HIV/AIDS continues to be one of the greatest threats within the LGBTI community across the globe, and statistics show that the situation has further intensified given the Covid-19 pandemic. A report presented by Johns Hopkins University at the recently concluded AIDS Conference indicates that the risk of having HIV is nearly five times as high for LGBTI persons in Sub-Saharan nations that severely criminalise consensual same sex relations in comparison to those in countries where homosexuality is legal.

The UNAIDS latest report on the global AIDS epidemic further supports these statistics. It shows that 2020 targets will not be met because of deeply unequal success; COVID-19 risks blowing HIV progress way off course with missed targets have resulted in 3.5 million more HIV infections and 820 000 more AIDS-related deaths since 2015 than if the world was on track to meet the 2020 targets. In addition, the response could be set back further, by 10 years or more, if the COVID-19 pandemic results in severe disruptions to HIV services.

According to the UNAIDS report, investments in sexual and reproductive health yield enormous social and economic returns for all. Access to sexual and reproductive health information and services is however often impeded by multiple intersecting forms of inequality and stigma and discrimination, creating barriers at the individual, interpersonal, community and societal levels. Rural and urban poor, minority ethnic groups, adolescents and lesbian, gay, bisexual, transgender and intersex (LGBTI) people are particularly underserved. In the majority of countries with recent survey data, women are less likely to have their demand for family planning satisfied by modern methods if they live in rural areas, have not attained a secondary or higher level of education, and/or are in the lowest wealth index quintile. The fact that the poorest women in some countries (e.g., Zimbabwe) have greater access to family planning than the wealthiest women in other countries (e.g., Columbia) suggests that good policies and programs can expand service access across all income levels.

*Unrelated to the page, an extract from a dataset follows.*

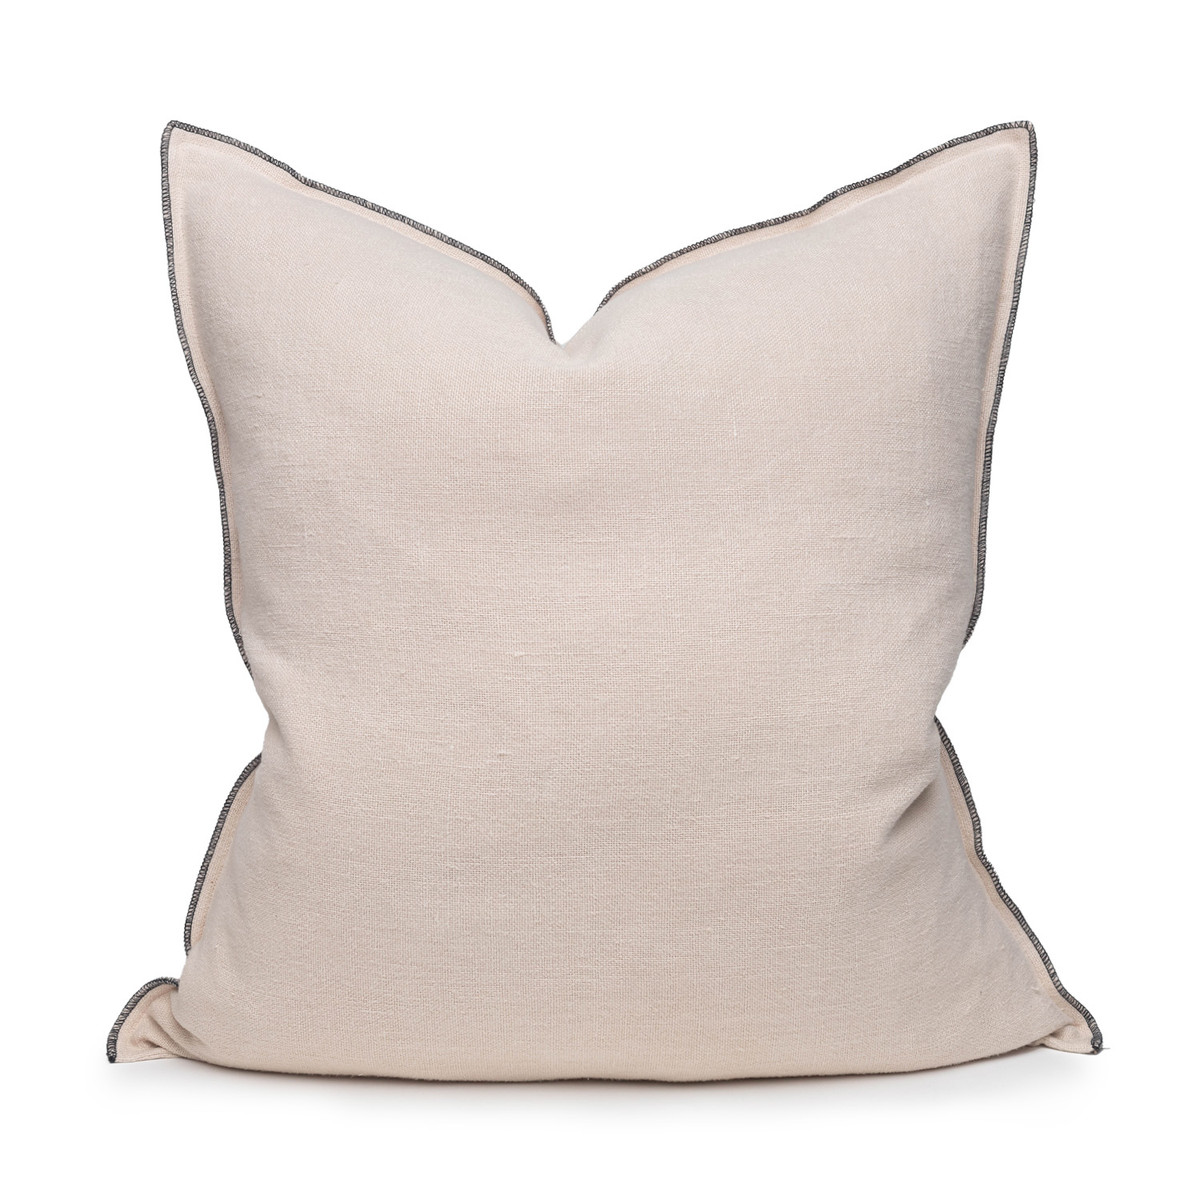 Santal Linen Pillow 22 - Creme Brulee - Front View

Women living with HIV also face particular challenges, as HIV stigma and gender inequality intersect and negatively impact their health. While health-care settings should be safe spaces, as many as one in three women living with HIV across 19 countries reported experiencing at least one form of discrimination related to their sexual and reproductive health in a health-care setting within the past 12 months. Health rights abuses documented by various studies include unauthorized disclosure of status, being advised to not have children, forced and coerced sterilization or termination of a pregnancy, denial of sexual and reproductive health services, and related psychological violence.









The gaps between the commitments made by all countries at the 2016 United Nations (UN) General Assembly High-Level Meeting on Ending AIDS and the progress achieved thus far reflect the many barriers faced by people living with HIV and those at risk of HIV infection. Multiple and intersecting other forms of discrimination—such as those based on income, race, age, ethnicity, disability, immigration status, sexual orientation and gender identity—are holding back HIV responses.

Gender inequality, underpinned by harmful gender norms and unequal power or relationship dynamics that reinforce notions of masculinity based on male control and strength and female vulnerability, continue to restrict women’s control in deciding how, when and with whom they have sex. It also shapes women’s use of HIV and other health services, and it limits their ability to lead lives that are free from violence. Calls for change are growing louder as women leaders and community mobilizers mark the 25th anniversary of the Beijing Declaration and Platform for Action.

For all genders, laws and policies aimed at discouraging or criminalizing individual behaviours—such as sex work, drug use and same-sex sexual relationships—can legitimize stigma and give license to discrimination and harassment. This isolates people who are at particularly high risk of acquiring HIV and hinders them from accessing the services they need, further elevating their risk of infection.

The COVID-19 pandemic threatens to magnify existing inequalities, including those related to gender and poverty. A rights-based and gender-responsive approach is needed to overcome these barriers. Empowering women in all of their diversity requires action on multiple fronts, from uprooting the harmful gender norms and patriarchal systems that perpetuate gender-based discrimination and violence, to confronting racism, providing comprehensive sexual and reproductive health services, keeping girls in school, achieving economic empowerment and reforming laws, policies and institutional practices. Securing the rights of all people creates an enabling environment for successful HIV responses, affirming the dignity and agency of individuals, creating more equitable access to services and leaving no one behind.